Does $\sum (-1)^k 2^{1/k}$ converge or diverge?

Question

How am I supposed to determine the convergence of this series if I only know about the alternating series test and the divergence test?

Answer 1

As $k\to\infty$, $\frac 1k\to 0$, $2^{1/k}\to 1$, and $|(-1)^k2^{1/k}|\to 1$.

So if these are the terms of the series, since the terms of the series do not tend to zero, the series is divergent.

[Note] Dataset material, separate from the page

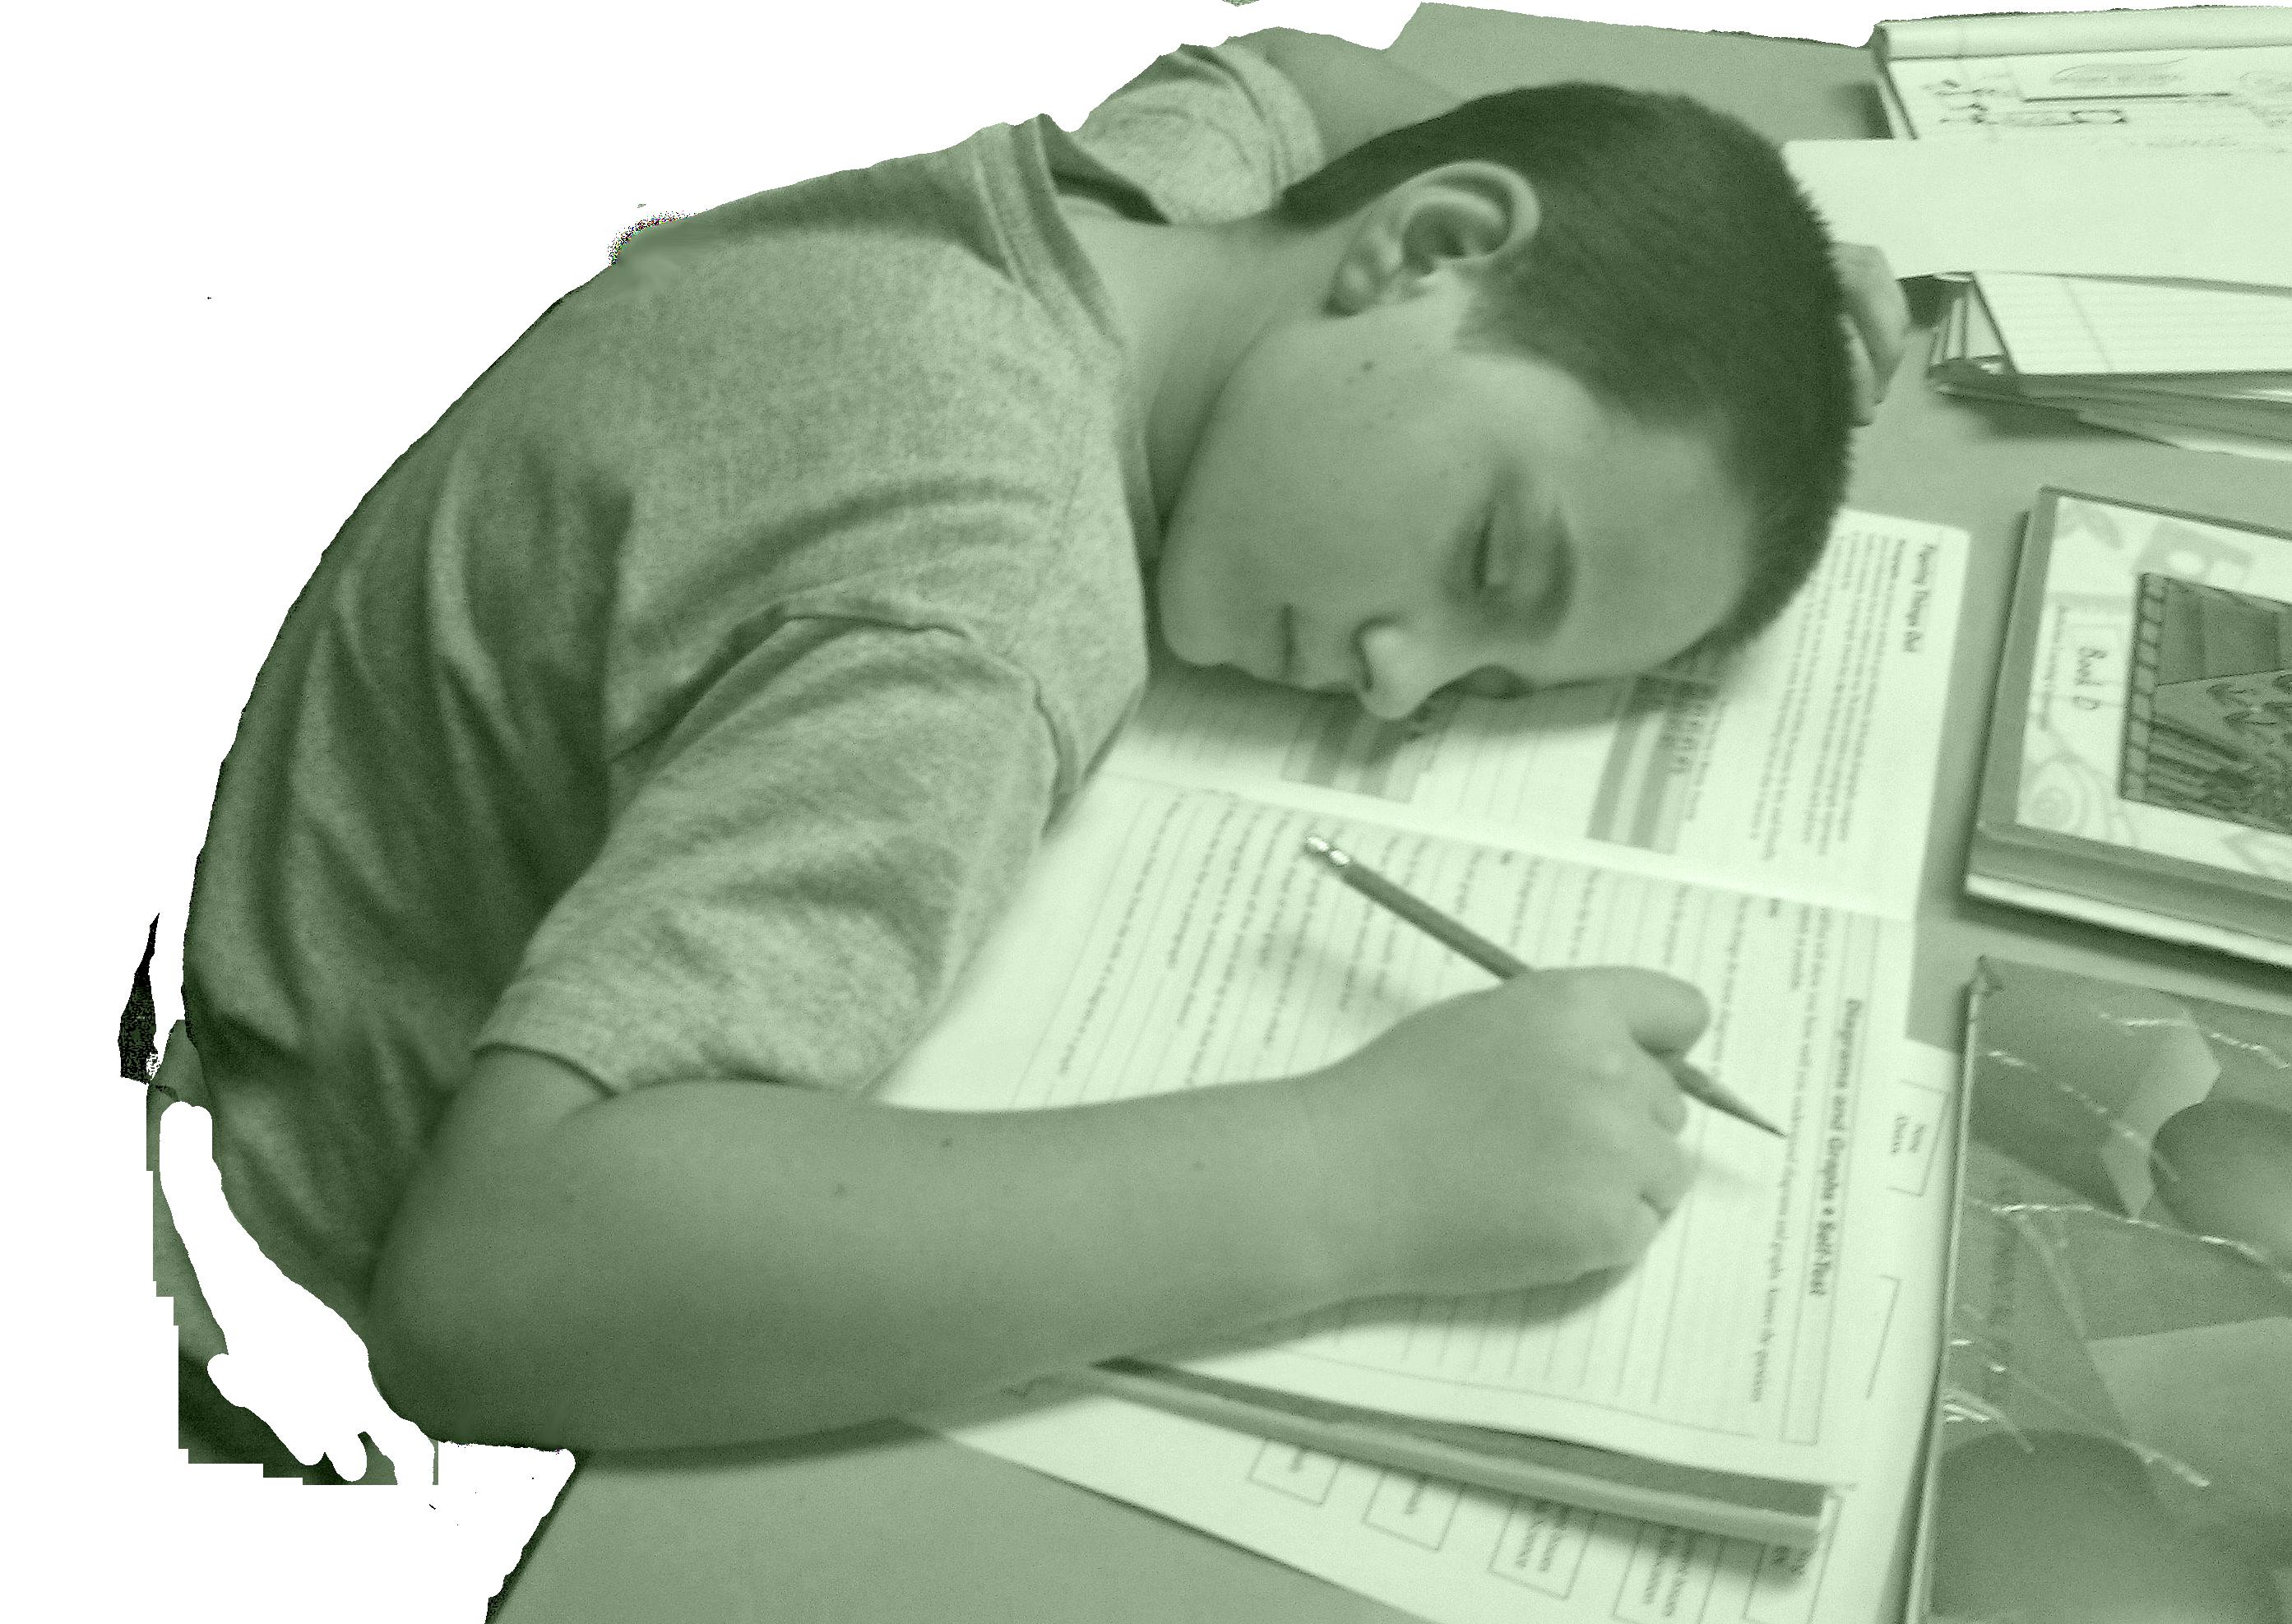 School homework unmotivated

If these are the partial sums of the series, the even sums tend to $1$ and the odd ones tend to $-1$, so this also does not converge.

Answer 2

Assuming you're talking about the convergence of the sequence $\{(-1)^k2^{1/k}\}_{k\in \mathbb N}$, you can prove it diverges since it has a subsequence that converges to $1$ and another one that converges to $-1$. Can you identify those subsequences?

HINT: $2^{1/k}$ converges to $1$ as $k$ goes to infinity and $(-1)^k$ is either $-1$ or $1$ depending on the parity of $k$.

If you're talking about the convergence of the series

$$\sum_{k=1}^{\infty} (-1)^k2^{1/k}$$

the same argumet shows that it doesn't converges since the its terms doesn't converge (in particular, doesn't converge to zero).